Preprocess flow data#
In this notebook, we load an fcs file into the anndata format, move the forward scatter (FCS) and sideward scatter (SSC) information to the .obs
section of the anndata file and perform compensation on the data.

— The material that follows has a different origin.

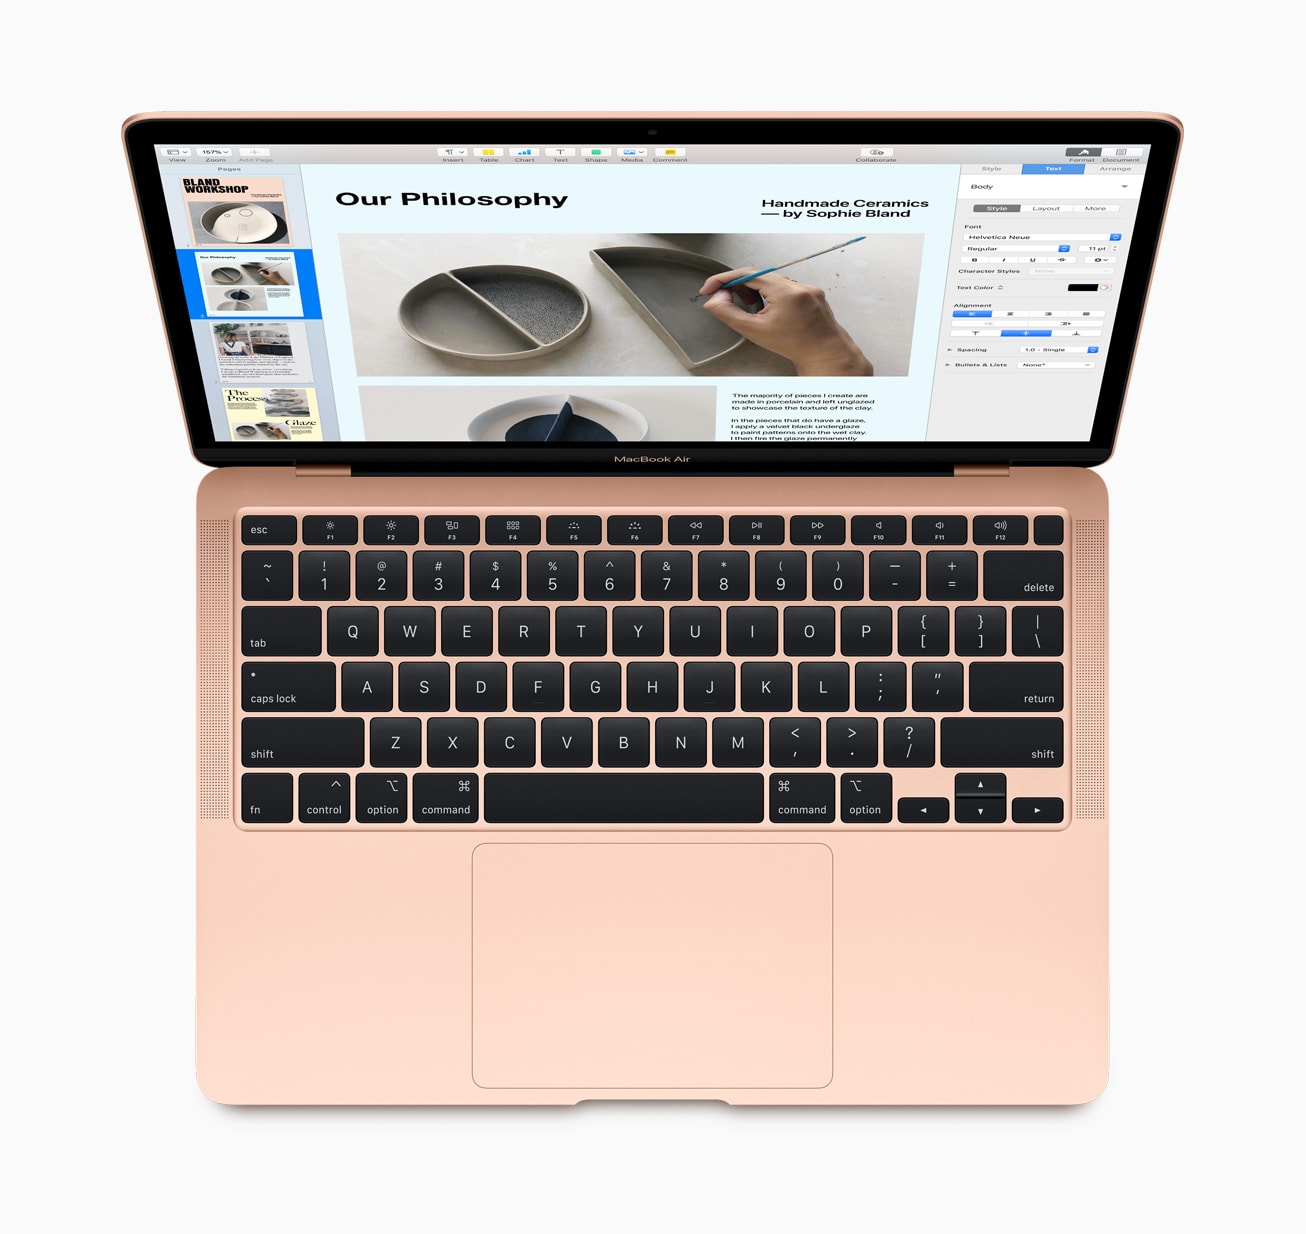 The new MacBook Air comes in three finishes — gold, silver and space gray

Next, we apply different types of normalisation to the data.
import readfcs
import pytometry as pm
%load_ext autoreload
%autoreload 2
Read data from readfcs
package example.
path_data = readfcs.datasets.example()
adata = pm.io.read_fcs(path_data)
adata
AnnData object with n_obs × n_vars = 65016 × 16
var: 'n', 'channel', 'marker', '$PnB', '$PnR', '$PnG'
uns: 'meta'
Reduce features#
We split the data matrix into the marker intensity part and the FSC/SSC part. Moreover, we move all height related features to the .obs
part of the anndata file. Notably. the function split_signal
checks if a feature name is either FSC/SSC or whether a name endswith -A
for area related features and -H
for height related features.
Let us check the var_names
of the features and the channel names. In this example, the channel names have been cleaned such that none of the markers have the -A
or -H
suffix.
adata.var
n | channel | marker | $PnB | $PnR | $PnG | |
---|---|---|---|---|---|---|
FSC-A | 1 | FSC-A | 32 | 262207 | 1 | |
FSC-H | 2 | FSC-H | 32 | 262207 | 1 | |
SSC-A | 3 | SSC-A | 32 | 261588 | 1 | |
KI67 | 4 | B515-A | KI67 | 32 | 261588 | 1 |
CD3 | 5 | R780-A | CD3 | 32 | 261588 | 1 |
CD28 | 6 | R710-A | CD28 | 32 | 261588 | 1 |
CD45RO | 7 | R660-A | CD45RO | 32 | 261588 | 1 |
CD8 | 8 | V800-A | CD8 | 32 | 261588 | 1 |
CD4 | 9 | V655-A | CD4 | 32 | 261588 | 1 |
CD57 | 10 | V585-A | CD57 | 32 | 261588 | 1 |
CD14 | 11 | V450-A | CD14 | 32 | 261588 | 1 |
CCR5 | 12 | G780-A | CCR5 | 32 | 261588 | 1 |
CD19 | 13 | G710-A | CD19 | 32 | 261588 | 1 |
CD27 | 14 | G660-A | CD27 | 32 | 261588 | 1 |
CCR7 | 15 | G610-A | CCR7 | 32 | 261588 | 1 |
CD127 | 16 | G560-A | CD127 | 32 | 261588 | 1 |
We use the channel
column of the adata.var
data frame to split the matrix.
pm.pp.split_signal(adata, var_key="channel")
adata
AnnData object with n_obs × n_vars = 65016 × 13
obs: 'FSC-A', 'FSC-H', 'SSC-A'
var: 'n', 'channel', 'marker', '$PnB', '$PnR', '$PnG', 'signal_type'
uns: 'meta'
The data matrix was reduced by three features (FSC-A
, FSC-H
and SSC-A
).
Compensation#
Next, we compensate the data using the compensation matrix that is included in the FCS file header. Alternatively, one may provide a custom compensation matrix.
The compensate
function matches the var_names
of adata
with the column names of the spillover matrix to compensate the correct channels.
pm.pp.compensate(adata)
5499 NaN values found after compensation. Please adjust compensation matrix.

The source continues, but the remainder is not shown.